FV 1031. Whole Exome Sequencing for Children with Dyskinetic Movement Disorder

 

Background: Dyskinetic movement disorders are a group of disorders with similar clinical manifestation consisting of neurodegenerative and neurometabolic disorders as well as cerebral palsy (CP). Dyskinetic movement disorders are rare conditions and diagnostically hard to detect. In contrast to CP, which is a nonprogressive condition and mainly caused by hypoxia-ischemia during birth, the subgroup of neurodegenerative and neurometabolic movement disorders are progressive conditions and a genetic contribution to the pathogenesis of these conditions has to be taken into account.

Aims: We aim to investigate the genetics of dyskinetic movement disorders and to gain insights by the identification of causative genetic variants in known and novel candidate genes using whole exome sequencing (WES) in patient parent trios.

Question: Is there a genetic contribution to dyskinetic movement disorders and, if any, how are the genetic causes characterized? What proportion of cases with dyskinetic movement disorder can be explained by a genetic cause and is trio-based WES a suitable method for the detection of causative variants in these patients?

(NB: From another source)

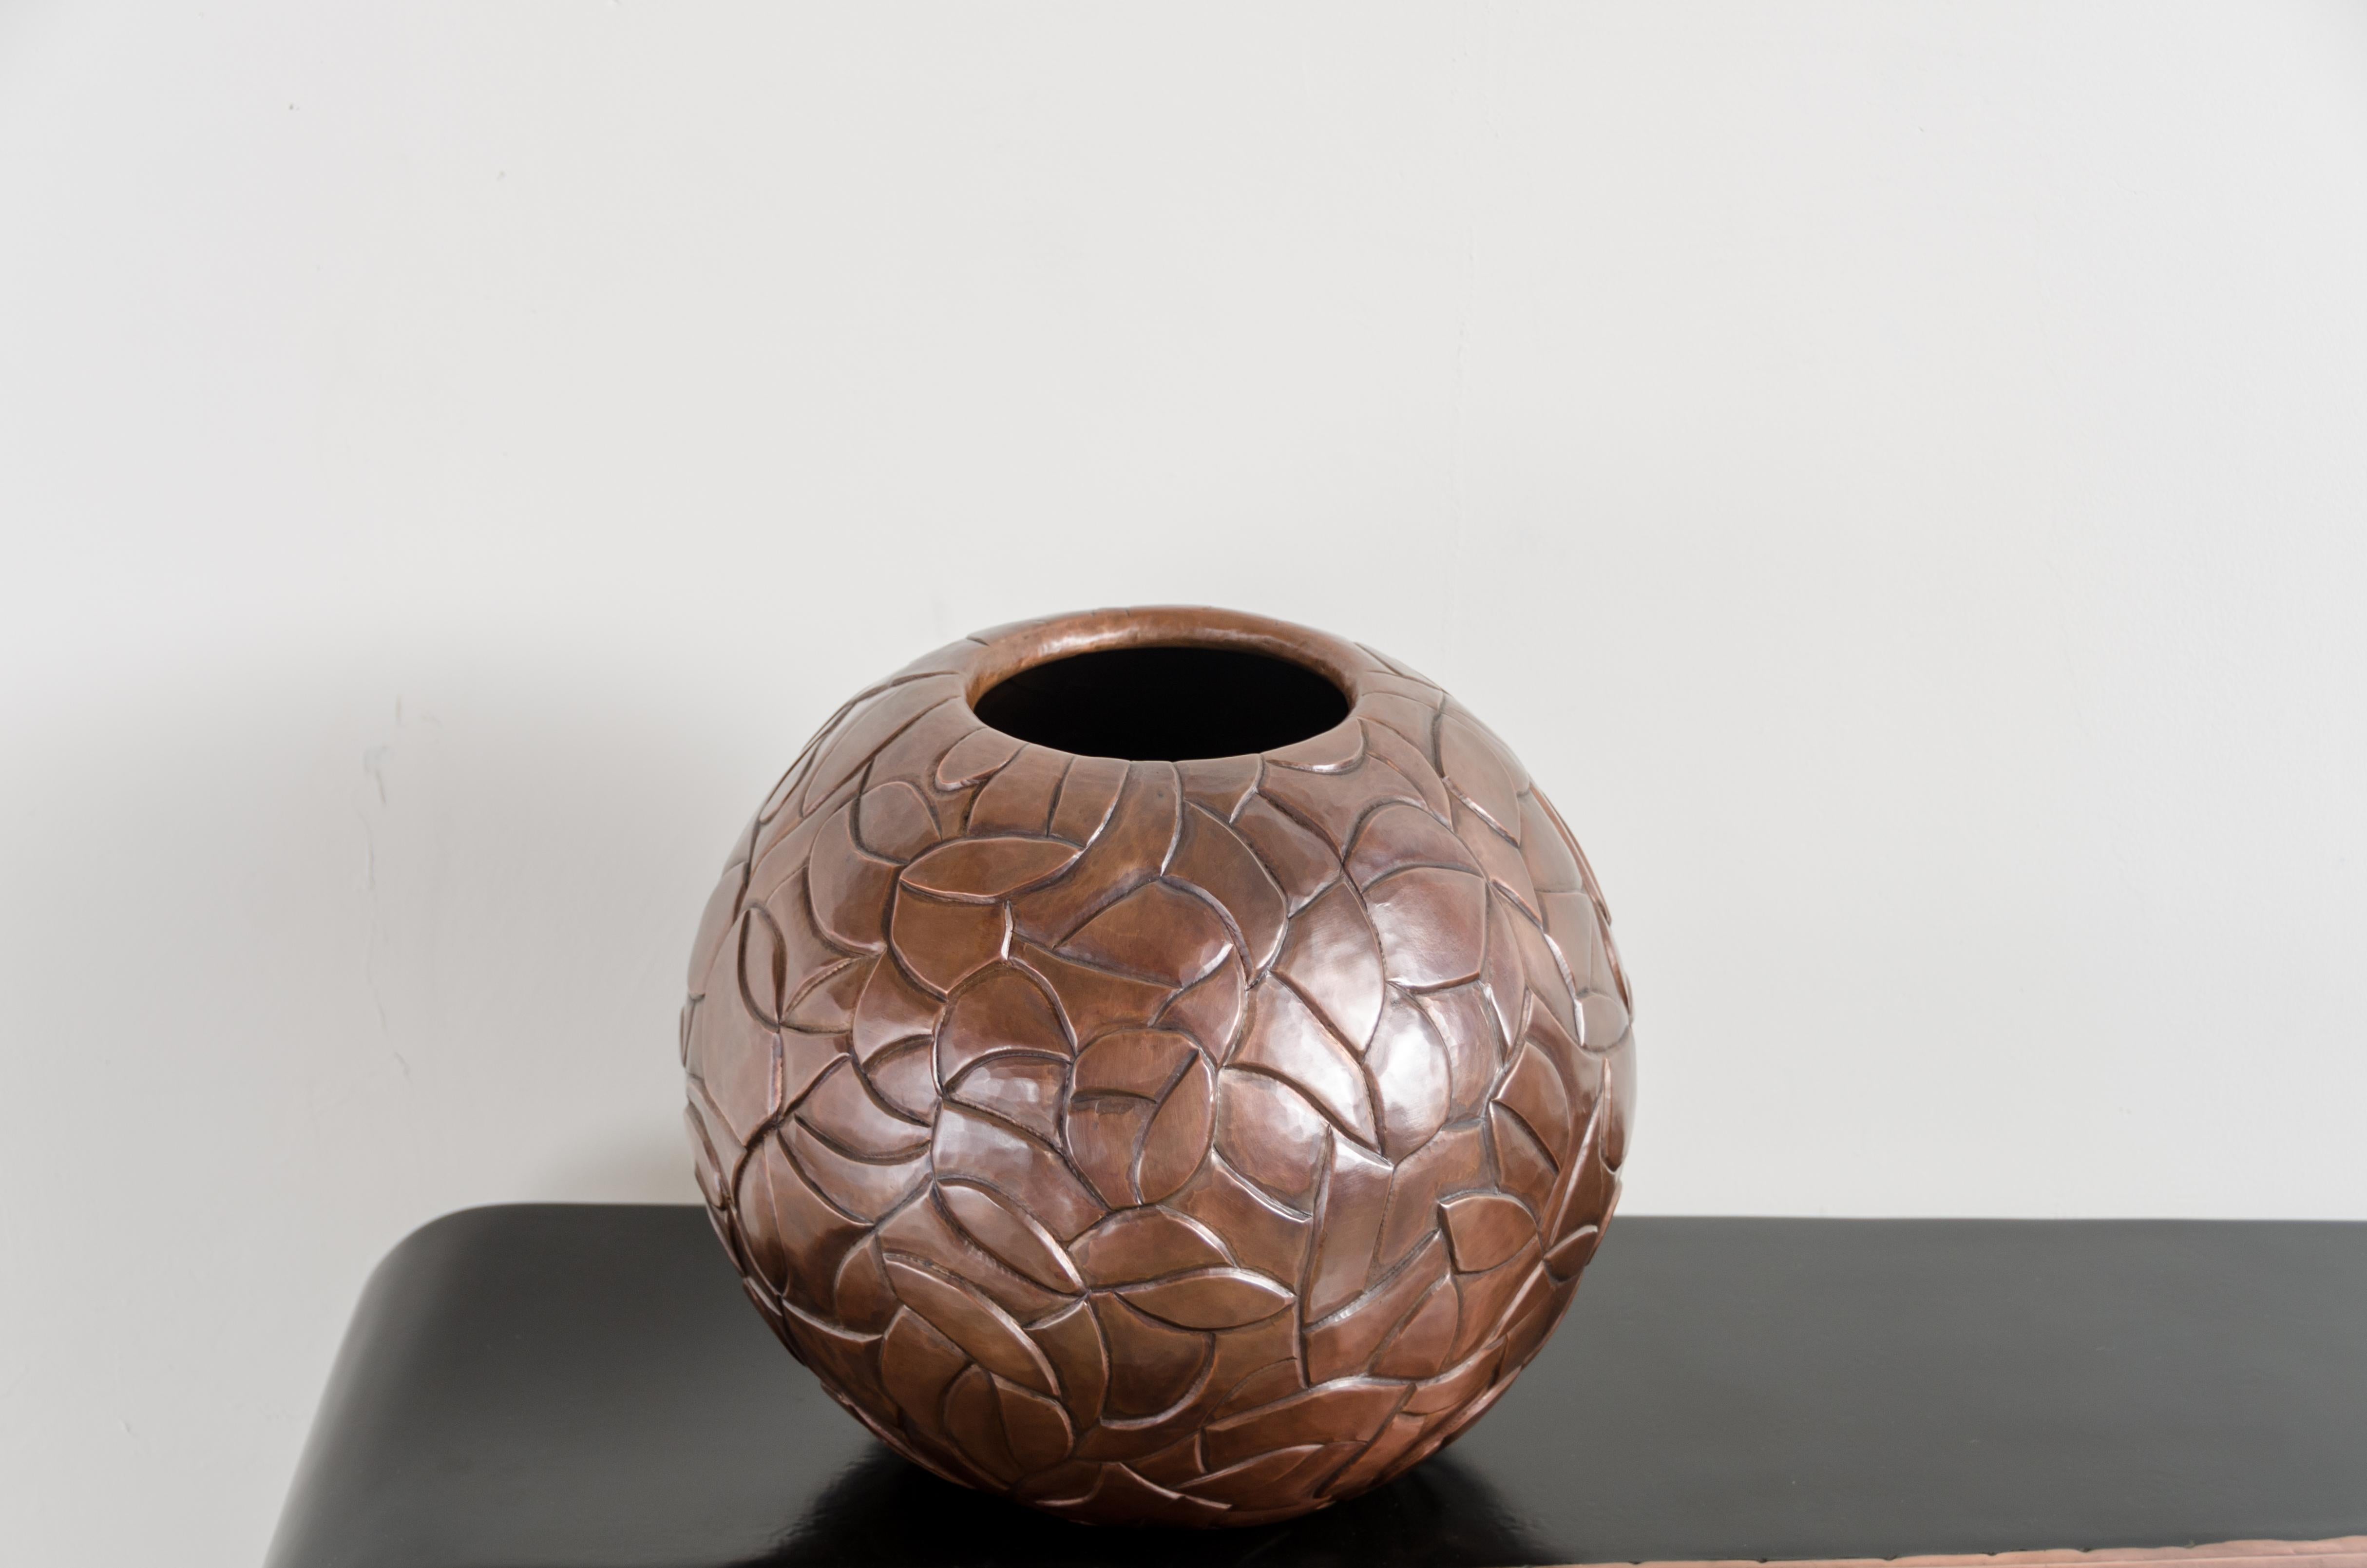 Moon Jar w/ Chuan Design 
Antique Copper
Hand Repousse
Limited Edition

Repoussé is the traditional art of hand-hammering decorative relief onto sheet metal. The technique originated around 800 BC between Asia and Europe and in Chinese

Methods: We performed WES of dyskinetic movement disorder patients and their parents (trios). To date, our cohort consists of five patients with a clear diagnosis of CP, eight patients in whom CP could be excluded clinically and by medical imaging, and three patients with a dyskinetic movement disorder of unclear etiology. We sequenced the trios as 100-bp paired-end runs on a HiSeq4000 platform (Illumina, San Diego, California, United States). Exome capture was performed using the SureSelect Human All Exon V6 kit (Agilent, Santa Clara, California, United States). Data analysis and variant prioritization were performed using a pipeline developed in-house (Helmholtz Center Munich).

Results: Up to now, we analyzed 16 dyskinetic movement disorder trios and identified a pathogenic or likely pathogenic variant in five of the patients in the genes SLC9A6, SPAST, and AUTS2 (de novo variants, dominant diseases) as well as in the genes MECR and TECPR2 (compound heterozygous variants, recessive diseases). Moreover, we found a compound heterozygote variant of uncertain significance (VUS) in the gene WWOX in one patient. All six patients with monogenetic cause (positive WES incl. VUS) showed progressive presentation and the diagnosis of CP could be excluded clinically and by medical imaging, whereas the five patients with clear diagnosis of CP as well as the three patients with an unclear etiology of the dyskinetic movement disorder all had a negative WES. For the remaining two non-CP cases, where WES did not reveal a causative variant in genes with known disease associations, further investigation is required.

Conclusion: Our results indicate that a substantial proportion of dyskinetic movement disorder cases are due to a monogenic cause. This subgroup consists of unclear cases where CP can be excluded clinically and by MRI. We conclude that trio-based WES seems to be a suitable method for the investigation of causative variants in unclear cases of dyskinetic movement disorder and should be considered in clinical practice.